Y ¿Por qué me fui? Por: Aidan Cero

Era un recuerdo que había quedado guardado y empolvado en mi mente.

Y así, sin más, una tarde cualquiera, brotó a la superficie lo que me dijo ese día: «Tengo miedo de aburrirte».

—¿Por qué habrías de aburrirme? —le pregunté.

Estábamos frente a frente en un restaurante. La miré con ternura y mucho cariño, porque me habría imaginado cualquier cosa viniendo de su boca, menos eso. Si hubiera sabido que era yo quien creía que la había aburrido desde mucho, muchísimo antes.

—No vas a aburrirme —le contesté—. No tengas miedo de eso.

Y no, ella, ELLA no me aburrió. Cuando me fui, todavía amaba mucho su perfume, su sonrisa, los tonos de su voz y su risa, la forma de sus manos y cómo se sentía su cuerpo junto al mío cuando nos permitía proximidad. Aún amaba su presencia silenciosa, su forma de contarme el día…

Y no sé si el cansancio tiene que ver con el aburrimiento; no lo sé. Aún después de tanto, es algo que no he llegado a descubrir.

Cansada, sí que llegué a estar.

De no estar en su lista de prioridades, de imaginar a una amante que nunca sería, de los besos que no llegaban, de los silencios interminables que seguían a una discusión, de sentirla lejana, de tener miedo de ser yo.

Cansada de no saber si me quería, si le atraía, si me veía con ella hasta hacernos viejas.
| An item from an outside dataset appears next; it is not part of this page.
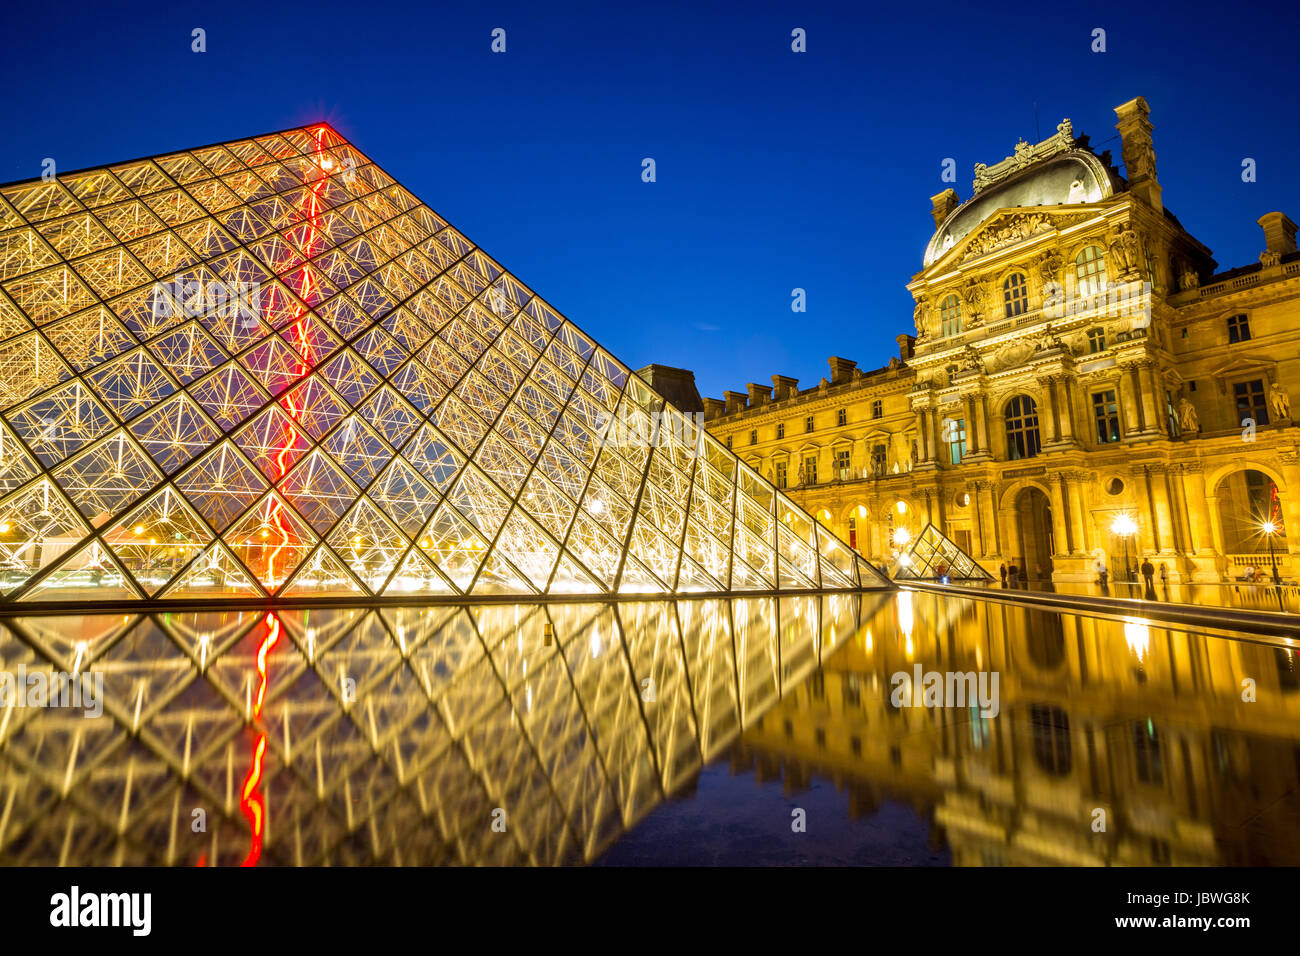 Paris - June 18: Louvre museum at dusk on June 18, 2014 in Paris. This is one of the most popular tourist destinations in France displayed over 60,000 square meters of exhibition space.. Stock Photo

Cansada de sentirme sola, de la frialdad.

Del brillo que, poco a poco, se fue volviendo nada y de las interminables ansiedades que se hacían grumos en mi mente. De no sentirme valorada, casi, casi como un adorno ahí… abandonado, olvidado.

Yo no me fui aburrida… jamás me aburrí… y, como haya sido, me largué porque encontré el amor por mí, que no había tenido en años, por haberlo volcado en ella.